By Damon Poeter
24 July 2007 07:57AM
Tags: vendors | team | benchmarking | virtualization

VMware's VMmark release marks achievement of first of nine milestones in 11-vendor SPEC benchmarking project.

VMware has released VMmark, the first iteration of a virtualization benchmarking project involving 10 other key vendors under the aegis of the Standard Performance Evaluation Corporation (SPEC).

VMware collaborated on the project with AMD, Dell, Fujitsu Siemens, Hewlett-Packard, Intel, IBM, Microsoft, Red Hat, Sun Microsystems and SWsoft in a working group formed last October by SPEC, a standards body for performance benchmarks. The release of VMmark, a benchmark system for measuring the performance of applications running in virtualised environments, comes after the achievement of the group's investigatory phase, the first of nine milestones in SPEC's rigorous benchmarking process, said Andrea Eubanks, VMware's senior director of enterprise and technical marketing.

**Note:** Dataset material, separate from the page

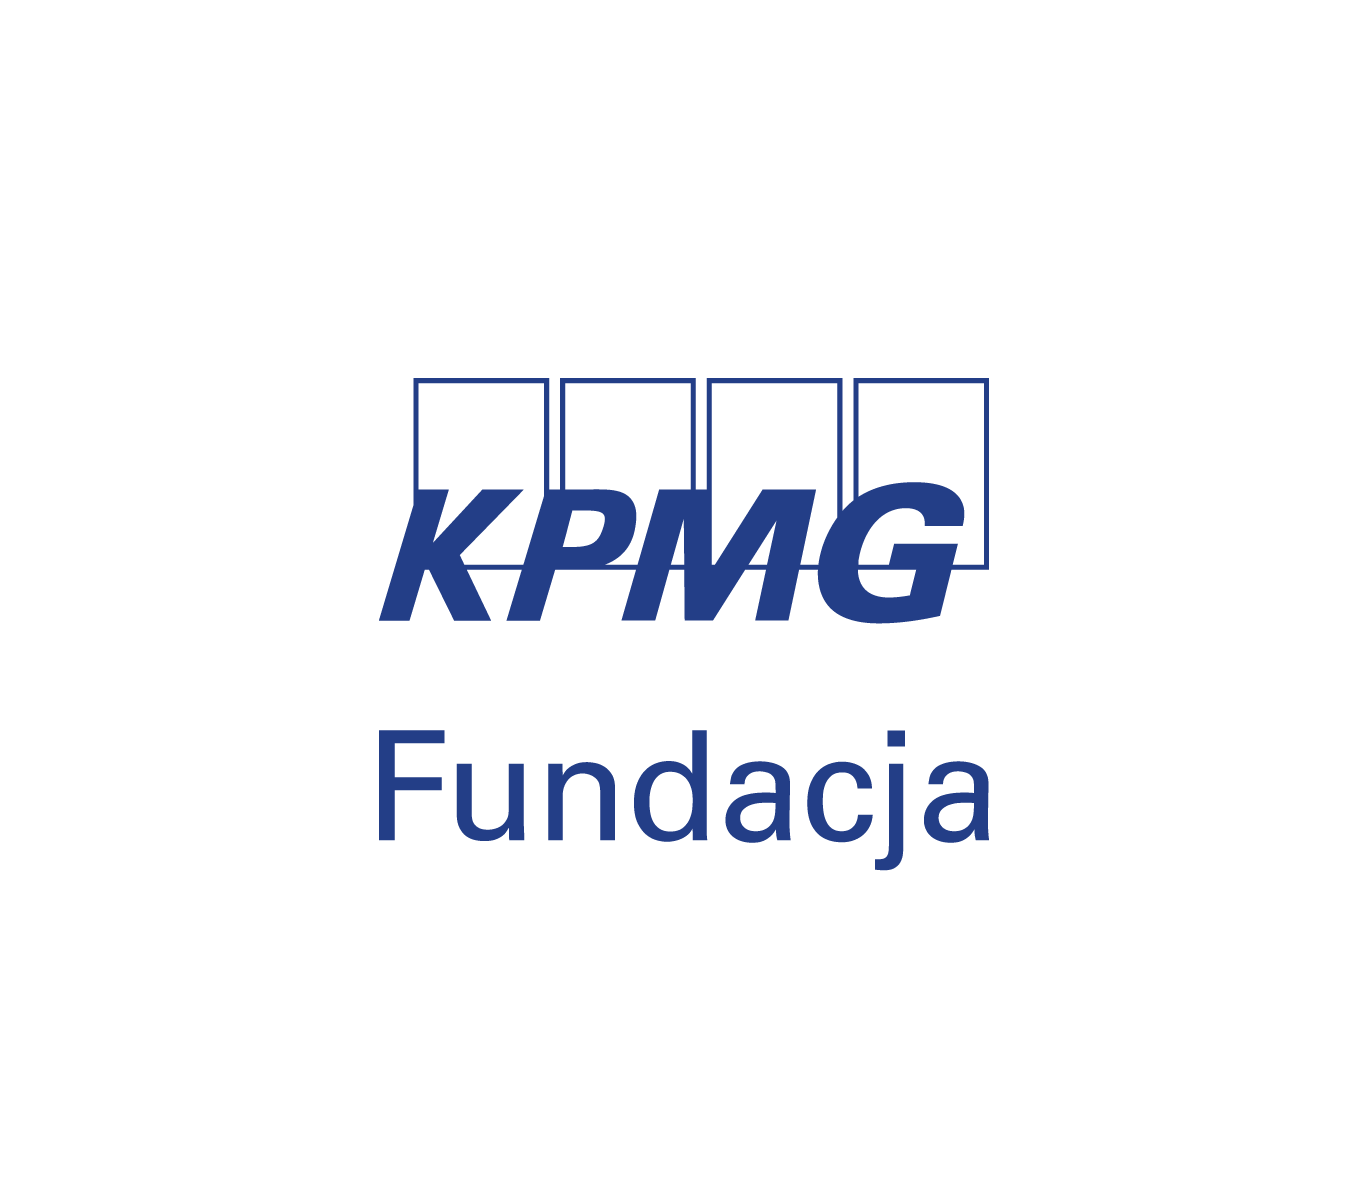 Fundacja KPMG w Polsce

VMware launched the benchmarking project to get answers for key questions about how to best run a virtualized environment, she said. "For example, our partners need to know, 'What's the best practice for the number of machines I can run on a virtual platform?' We've been working on answering this for years," Eubanks said.

But with the process still in its first stages, friction between the participating vendors is already evident. While open source operating systems can be readily packaged as virtual appliances, the same can't be said for Windows due to licensing restrictions, Eubanks said. "But we expect users to pressure vendors with restrictive licensing schemes to open their licenses to allow this," she said. Asked if she was specifically referring to Microsoft, Eubanks said, "Yes. That's who I'm referring to."